Administrative expenses for the full year of 2023 were RMB453.0 million (US$63.8 million), compared with RMB815.8 million (US$118.3 million) for the full year of 2022. The decrease was primarily due to reduced payroll expenses related to decreased headcount as a result of resource optimization and reduced share-based compensation expenses for management personnel, reduced expenses for professional services, and reduced legal expenses in relation to the disputes with Tracon Pharmaceuticals, Inc. of RMB95.5 million (US$13.5 million). Share-based compensation expense was RMB126.2 million (US$17.8 million) for the full year of 2023, compared with RMB239.3 million (US$34.7 million) for the full year of 2022.

Other Expenses, Net

Net other expenses for the full year of 2023 were RMB38.1 million (US$5.4 million), compared with RMB126.6 million (US$18.4 million) for the full year of 2022. The change was primarily driven by unrealized exchange rate losses due to the significant fluctuation in the exchange rate of the Renminbi against the U.S. dollar in 2022.
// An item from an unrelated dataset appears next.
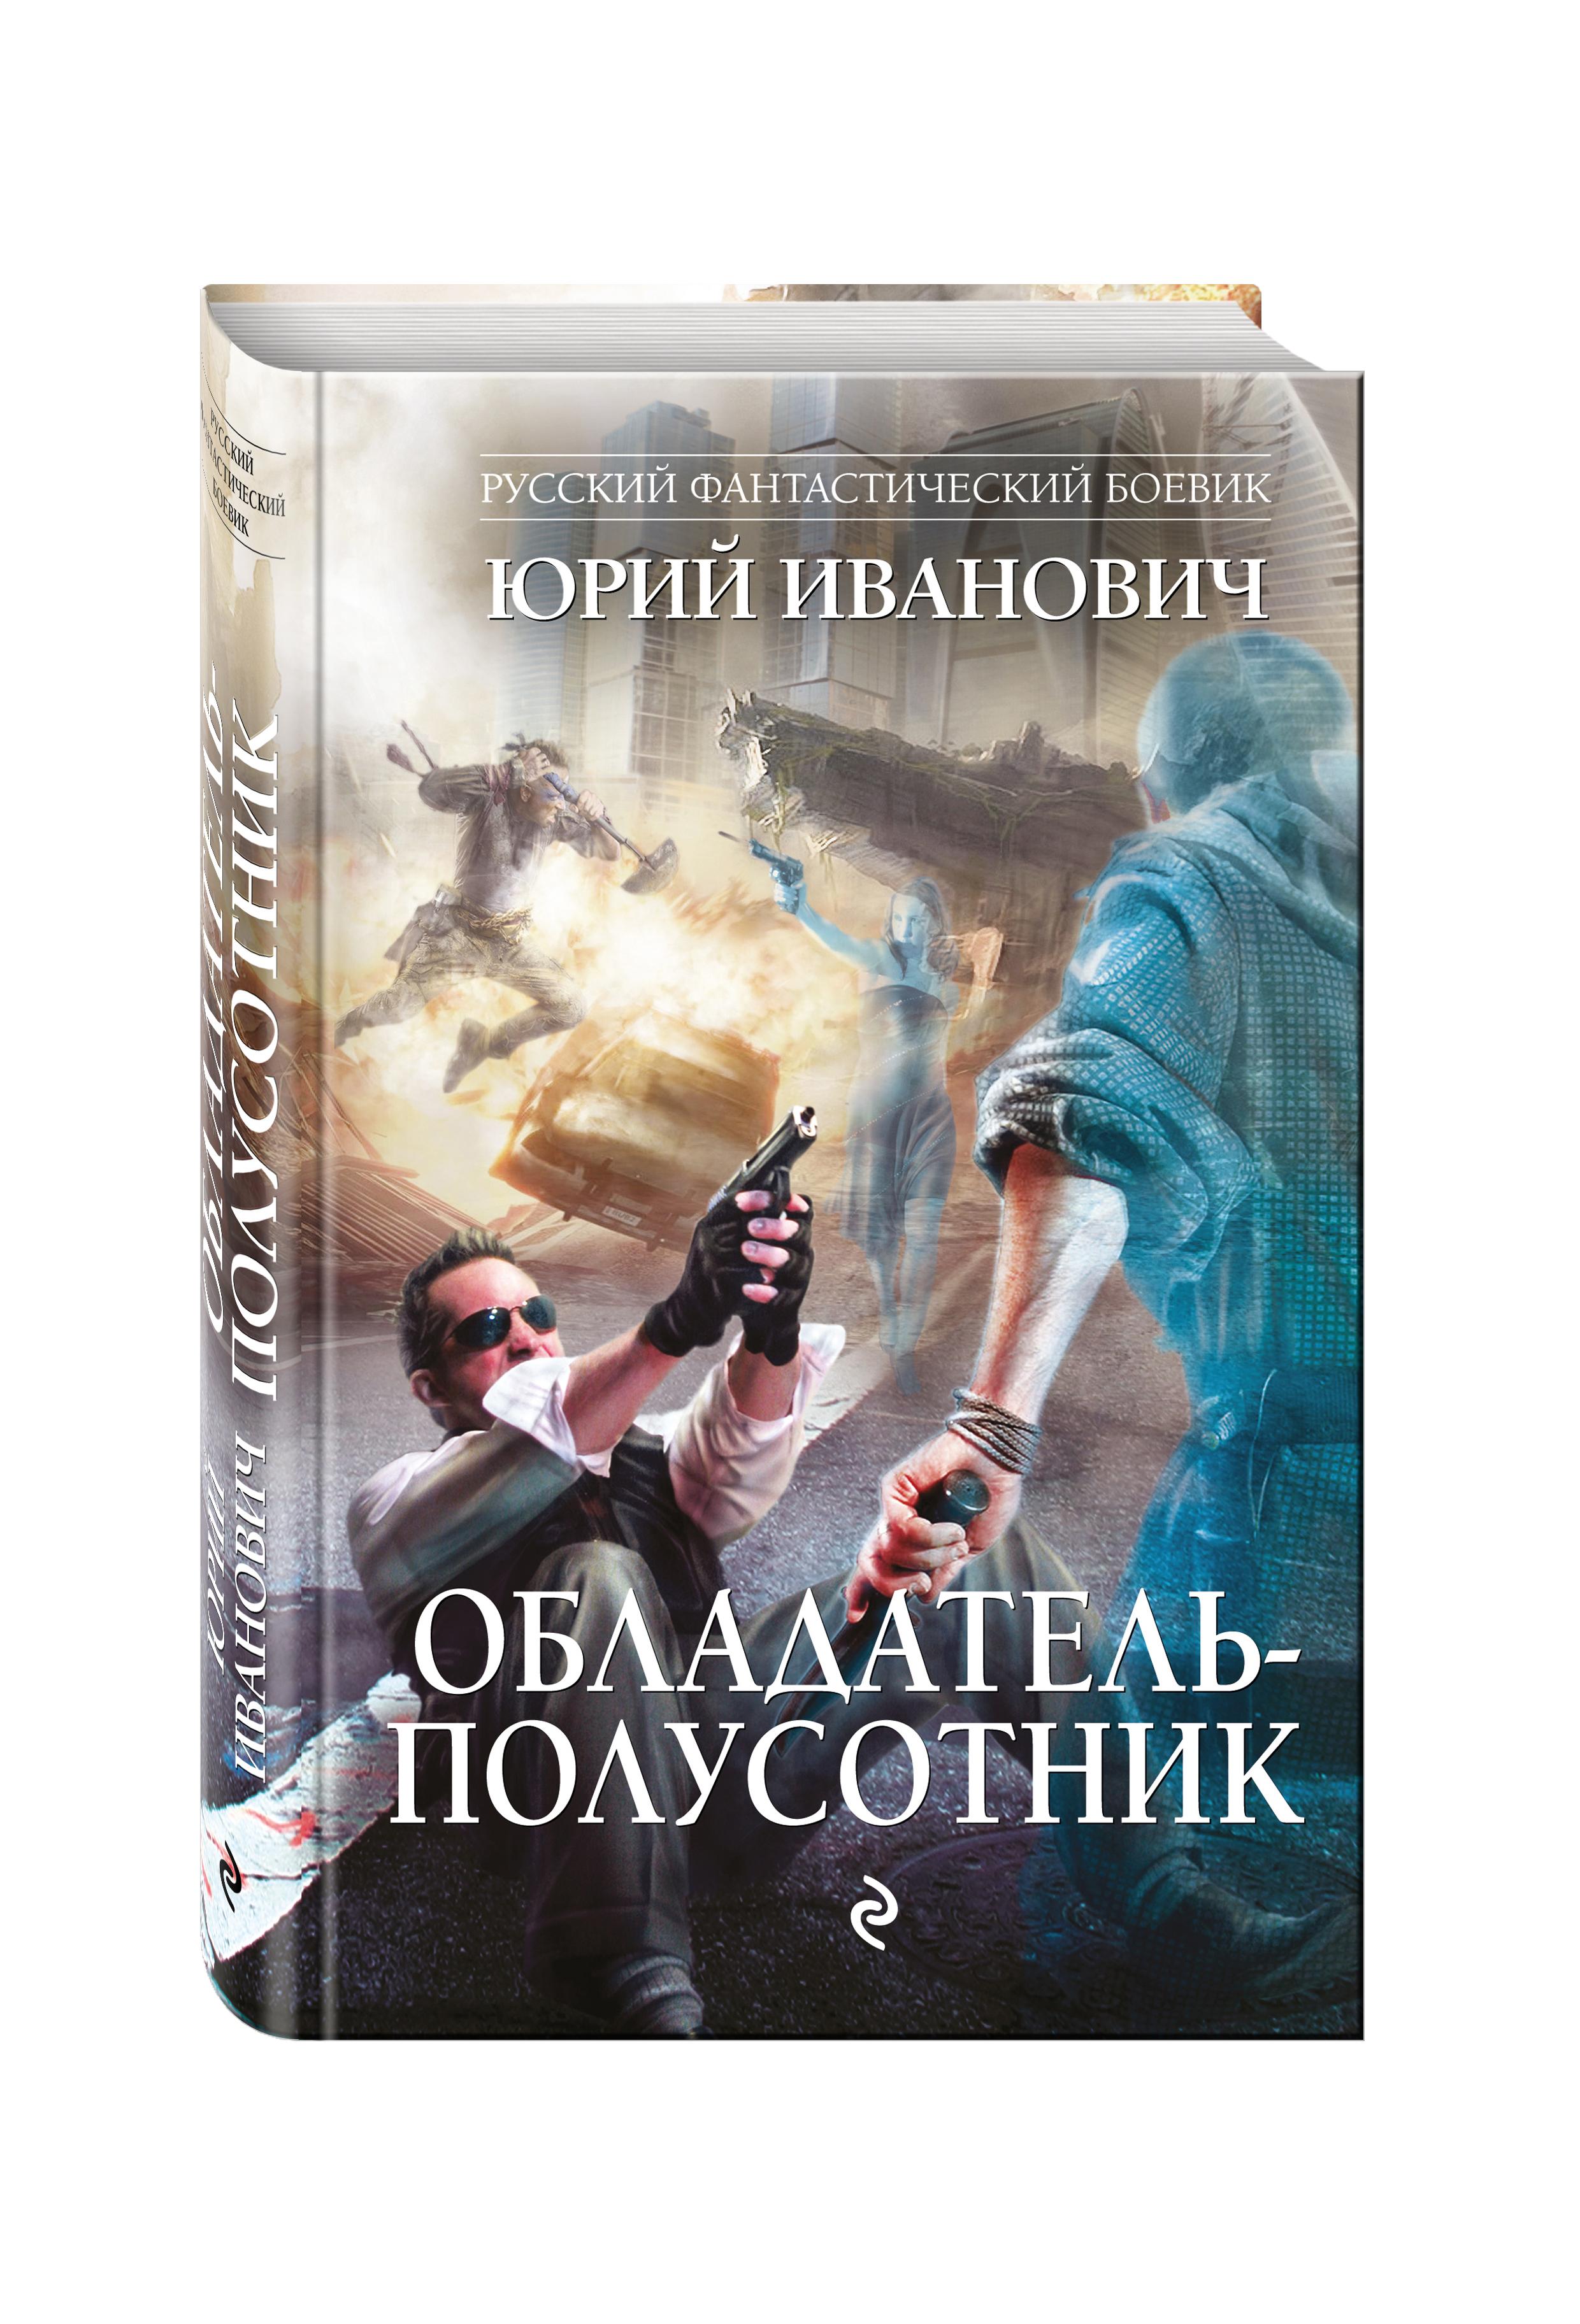 Иванович Ю. Обладатель-полусотник юрий иванович обладатель

Equity in Loss of Affiliates

Equity in loss of affiliates for the full year of 2023 was RMB80.0 million (US$11.3 million), compared with RMB437.5 million (US$63.4 million) for the full year of 2022. The loss was mainly recognized in relation to the operating loss of the Company’s investee, I-Mab Biopharma (Hangzhou) Co., Ltd.

Impairment of Goodwill

For the full year of 2023, the Company recognized an impairment of goodwill of RMB162.6 million (US$22.9 million). The goodwill impairment resulted from the Company’s annual impairment analysis, and reflects the continued disconnect between I-Mab’s anticipated future performance and present uncertainty reflected in its market valuation.

Net Loss

Net loss for the full year of 2023 was RMB1,465.7 million (US$206.4 million), compared with RMB2,507.3 million (US$363.5 million) for the year 2022. Net loss per share attributable to ordinary shareholders for the full year of 2023 was RMB7.19 (US$1.01), compared with RMB13.21 (US$1.92) for the full year of 2022. Net loss per ADS attributable to ordinary shareholders for the full year of 2023 was RMB16.54 (US$2.33), compared with RMB30.38 (US$4.41) for the full year of 2022.